* Problem requirements:
Set down exactly the lines that run from the one containing "芽~冬から春へ【ソプラノ&オーケストラ】の再生済みの波形" to the end of the material below, both included, without pictures.

* Dataset extract:
- - - -

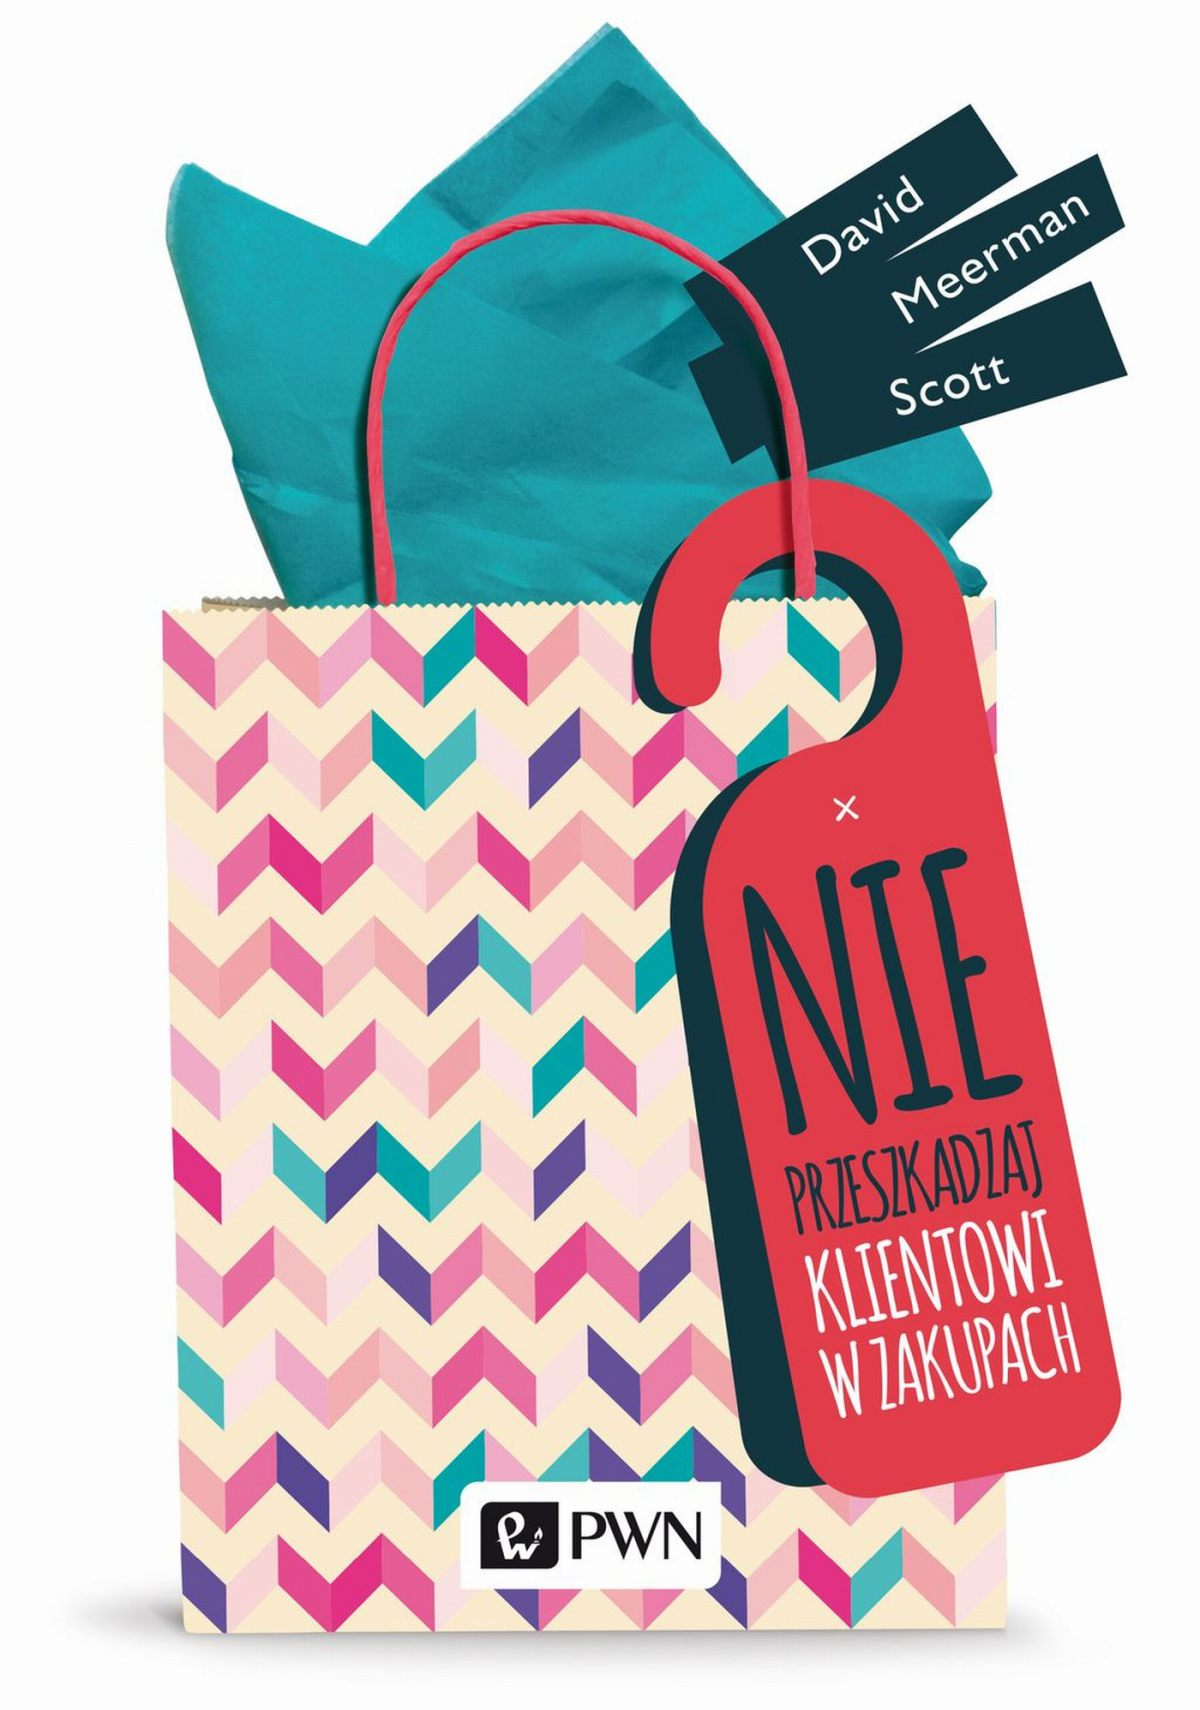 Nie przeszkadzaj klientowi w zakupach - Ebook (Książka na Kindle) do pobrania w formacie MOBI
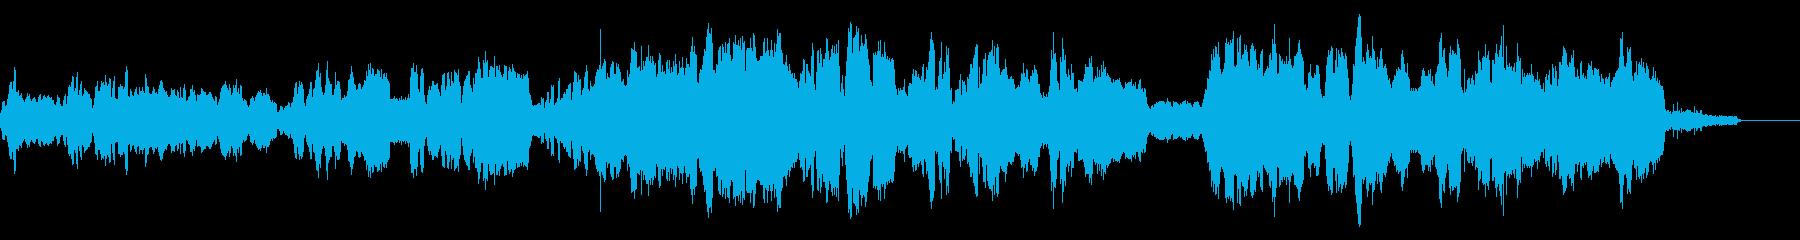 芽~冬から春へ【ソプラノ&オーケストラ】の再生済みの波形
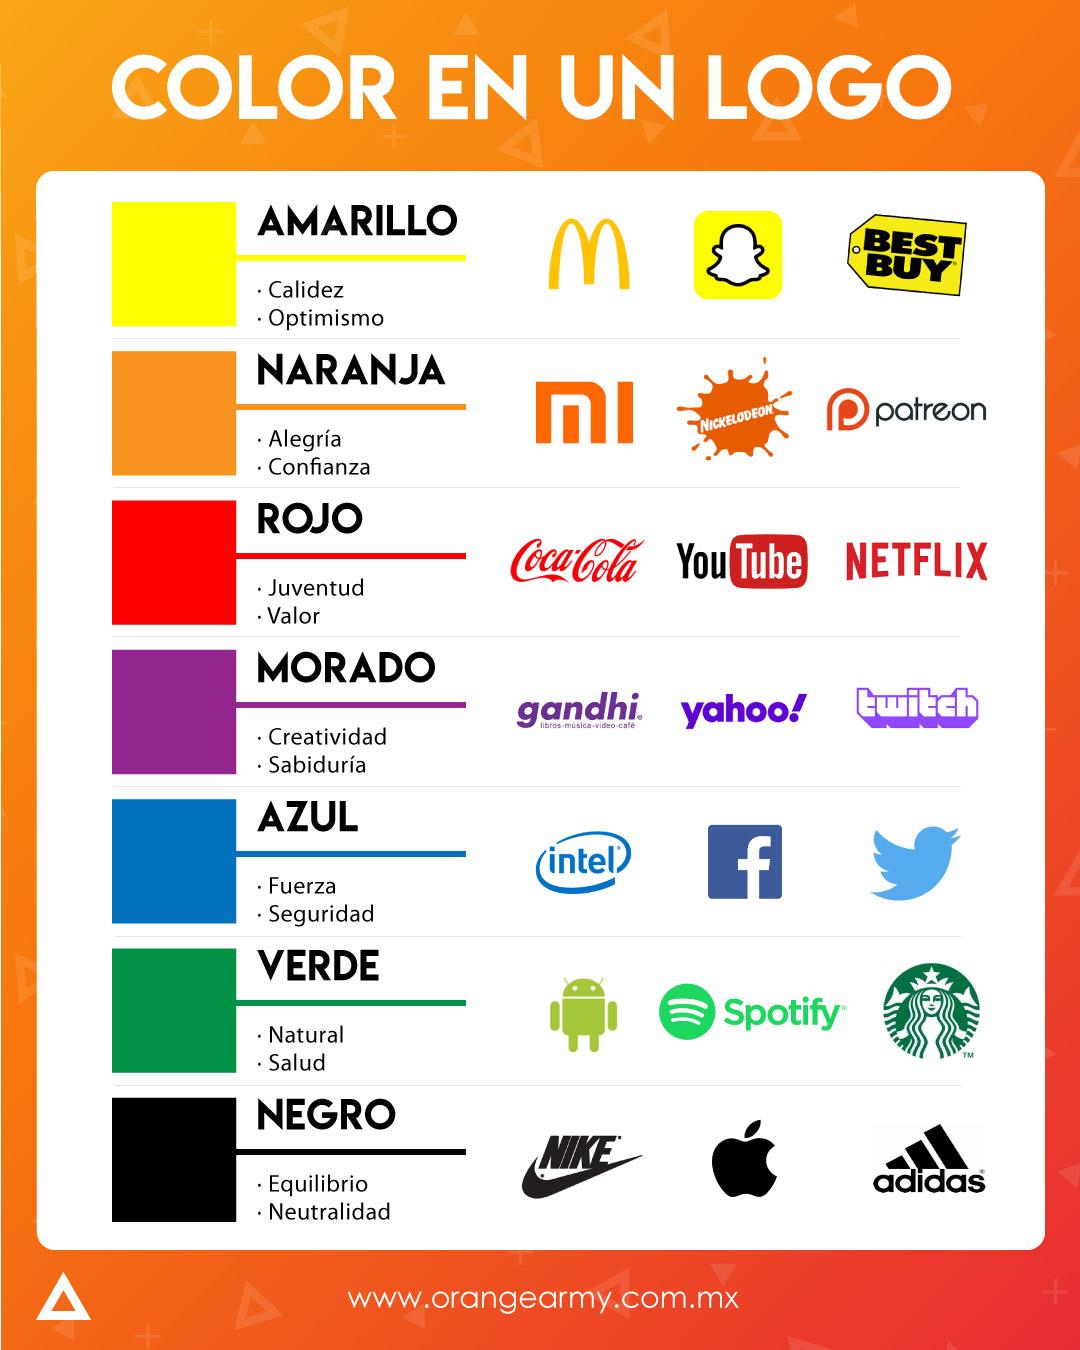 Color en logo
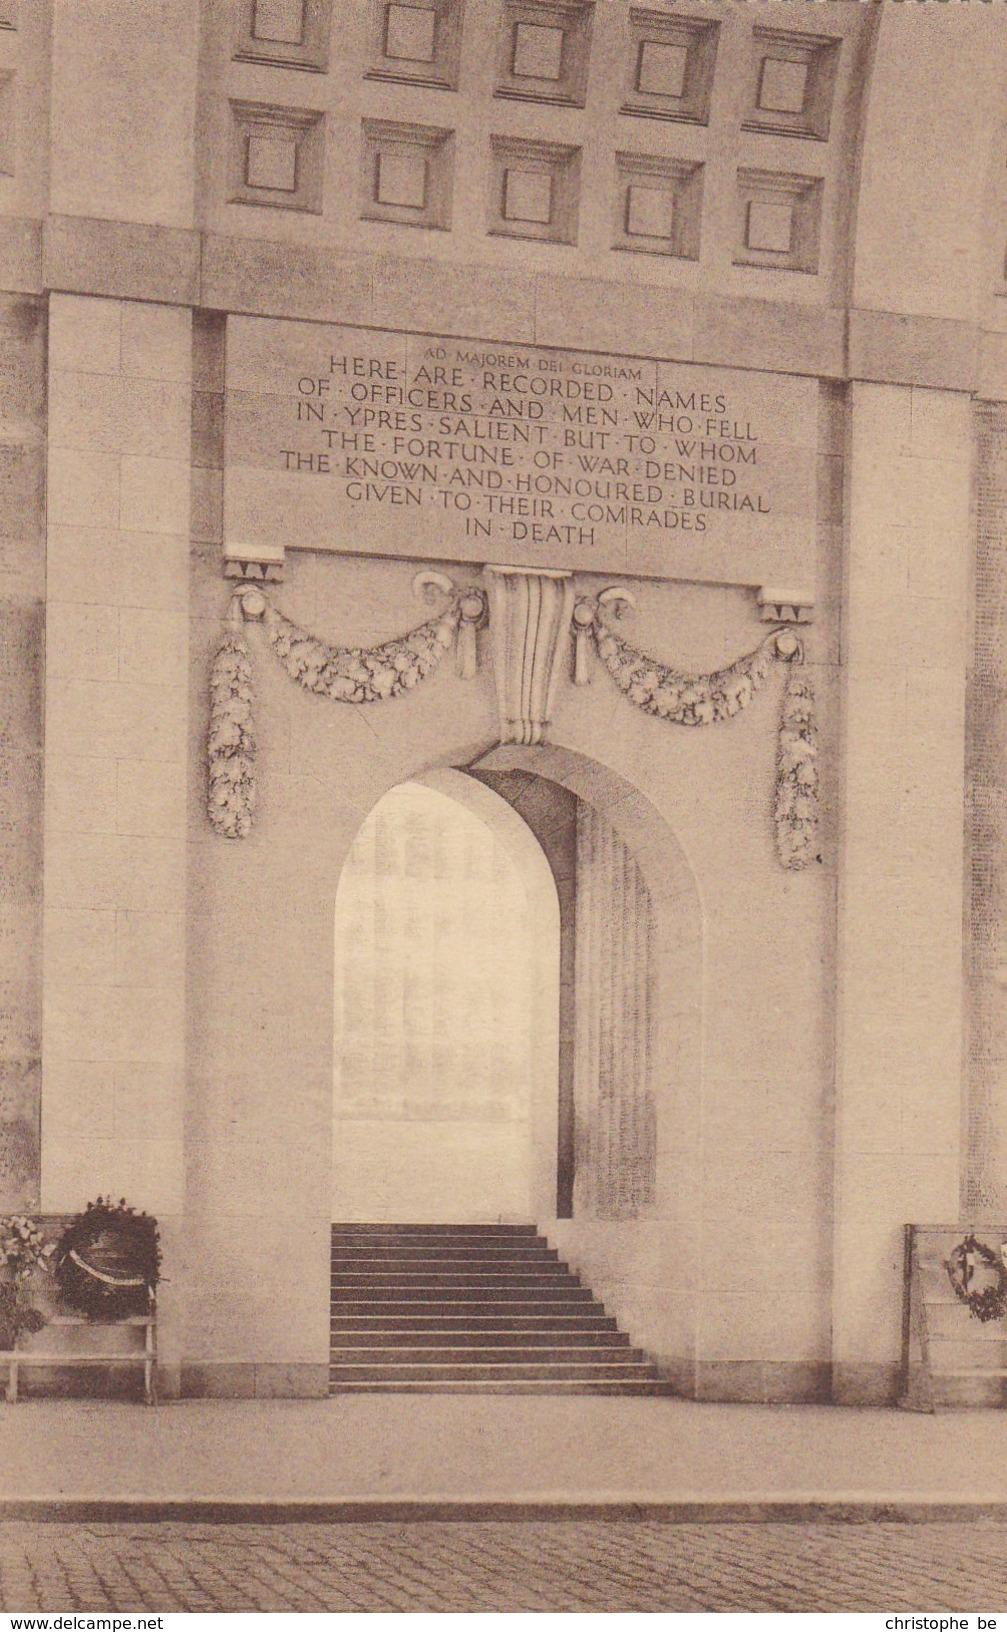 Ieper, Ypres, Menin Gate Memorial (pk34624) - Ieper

- - - -

* Answer to this exercise:
 芽~冬から春へ【ソプラノ&オーケストラ】の再生済みの波形
 Color en logo
 Ieper, Ypres, Menin Gate Memorial (pk34624) - Ieper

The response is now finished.